* Brief
Report back the lines in this listing that carry the string "Photo".

* Materials provided
##########
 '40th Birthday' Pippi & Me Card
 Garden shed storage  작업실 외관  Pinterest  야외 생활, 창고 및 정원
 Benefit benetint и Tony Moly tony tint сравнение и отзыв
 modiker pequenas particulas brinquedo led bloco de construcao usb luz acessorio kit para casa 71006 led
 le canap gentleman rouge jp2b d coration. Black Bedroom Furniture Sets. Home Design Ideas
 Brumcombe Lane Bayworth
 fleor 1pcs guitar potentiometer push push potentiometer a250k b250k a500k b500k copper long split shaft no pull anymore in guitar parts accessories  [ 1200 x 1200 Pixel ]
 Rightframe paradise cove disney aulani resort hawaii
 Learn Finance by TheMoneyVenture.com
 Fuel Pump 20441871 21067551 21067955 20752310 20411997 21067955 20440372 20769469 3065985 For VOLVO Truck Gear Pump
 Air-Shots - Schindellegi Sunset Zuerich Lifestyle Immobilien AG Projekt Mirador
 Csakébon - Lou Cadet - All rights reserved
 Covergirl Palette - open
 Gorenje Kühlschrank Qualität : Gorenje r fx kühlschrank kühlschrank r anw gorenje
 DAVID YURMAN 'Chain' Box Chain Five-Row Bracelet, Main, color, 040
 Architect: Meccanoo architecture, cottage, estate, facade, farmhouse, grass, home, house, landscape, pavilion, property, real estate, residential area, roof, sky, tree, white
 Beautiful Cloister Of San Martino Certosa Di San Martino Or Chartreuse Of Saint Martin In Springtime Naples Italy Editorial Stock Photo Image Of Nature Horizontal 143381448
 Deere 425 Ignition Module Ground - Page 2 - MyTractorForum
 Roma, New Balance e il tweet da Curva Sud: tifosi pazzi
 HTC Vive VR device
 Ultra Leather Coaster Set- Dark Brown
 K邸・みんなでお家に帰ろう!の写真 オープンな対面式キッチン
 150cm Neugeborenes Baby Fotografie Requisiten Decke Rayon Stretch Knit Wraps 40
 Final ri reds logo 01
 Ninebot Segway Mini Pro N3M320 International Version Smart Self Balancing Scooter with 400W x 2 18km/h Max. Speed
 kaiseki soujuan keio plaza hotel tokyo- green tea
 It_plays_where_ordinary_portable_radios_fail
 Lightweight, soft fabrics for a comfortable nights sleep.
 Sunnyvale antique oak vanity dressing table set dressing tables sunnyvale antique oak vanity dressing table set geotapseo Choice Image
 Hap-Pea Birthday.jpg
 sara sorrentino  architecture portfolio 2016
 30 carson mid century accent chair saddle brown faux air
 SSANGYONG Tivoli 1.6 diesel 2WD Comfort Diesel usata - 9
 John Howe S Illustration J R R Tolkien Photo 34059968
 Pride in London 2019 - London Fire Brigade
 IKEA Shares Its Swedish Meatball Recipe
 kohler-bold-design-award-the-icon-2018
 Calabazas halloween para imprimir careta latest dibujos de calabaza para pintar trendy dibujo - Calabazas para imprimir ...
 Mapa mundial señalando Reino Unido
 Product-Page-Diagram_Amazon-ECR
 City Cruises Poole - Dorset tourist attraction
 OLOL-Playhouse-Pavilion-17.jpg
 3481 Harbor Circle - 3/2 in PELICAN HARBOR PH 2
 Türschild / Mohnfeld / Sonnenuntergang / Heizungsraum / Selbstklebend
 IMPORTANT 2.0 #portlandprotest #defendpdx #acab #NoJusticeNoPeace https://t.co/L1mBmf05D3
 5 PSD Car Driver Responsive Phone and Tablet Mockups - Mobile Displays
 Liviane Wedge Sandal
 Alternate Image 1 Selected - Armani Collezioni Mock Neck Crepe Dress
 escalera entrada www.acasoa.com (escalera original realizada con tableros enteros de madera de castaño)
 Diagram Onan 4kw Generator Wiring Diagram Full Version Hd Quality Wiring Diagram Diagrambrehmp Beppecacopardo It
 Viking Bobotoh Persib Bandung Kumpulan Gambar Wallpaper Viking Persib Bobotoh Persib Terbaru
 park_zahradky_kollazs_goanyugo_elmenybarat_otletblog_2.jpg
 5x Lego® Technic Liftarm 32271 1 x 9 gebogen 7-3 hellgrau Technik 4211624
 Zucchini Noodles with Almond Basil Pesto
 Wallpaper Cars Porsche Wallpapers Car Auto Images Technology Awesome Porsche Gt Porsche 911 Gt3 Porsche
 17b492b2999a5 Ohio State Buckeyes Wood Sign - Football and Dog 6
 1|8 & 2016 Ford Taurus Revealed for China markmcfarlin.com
##########
* Reply to the exercise
 Beautiful Cloister Of San Martino Certosa Di San Martino Or Chartreuse Of Saint Martin In Springtime Naples Italy Editorial Stock Photo Image Of Nature Horizontal 143381448
 John Howe S Illustration J R R Tolkien Photo 34059968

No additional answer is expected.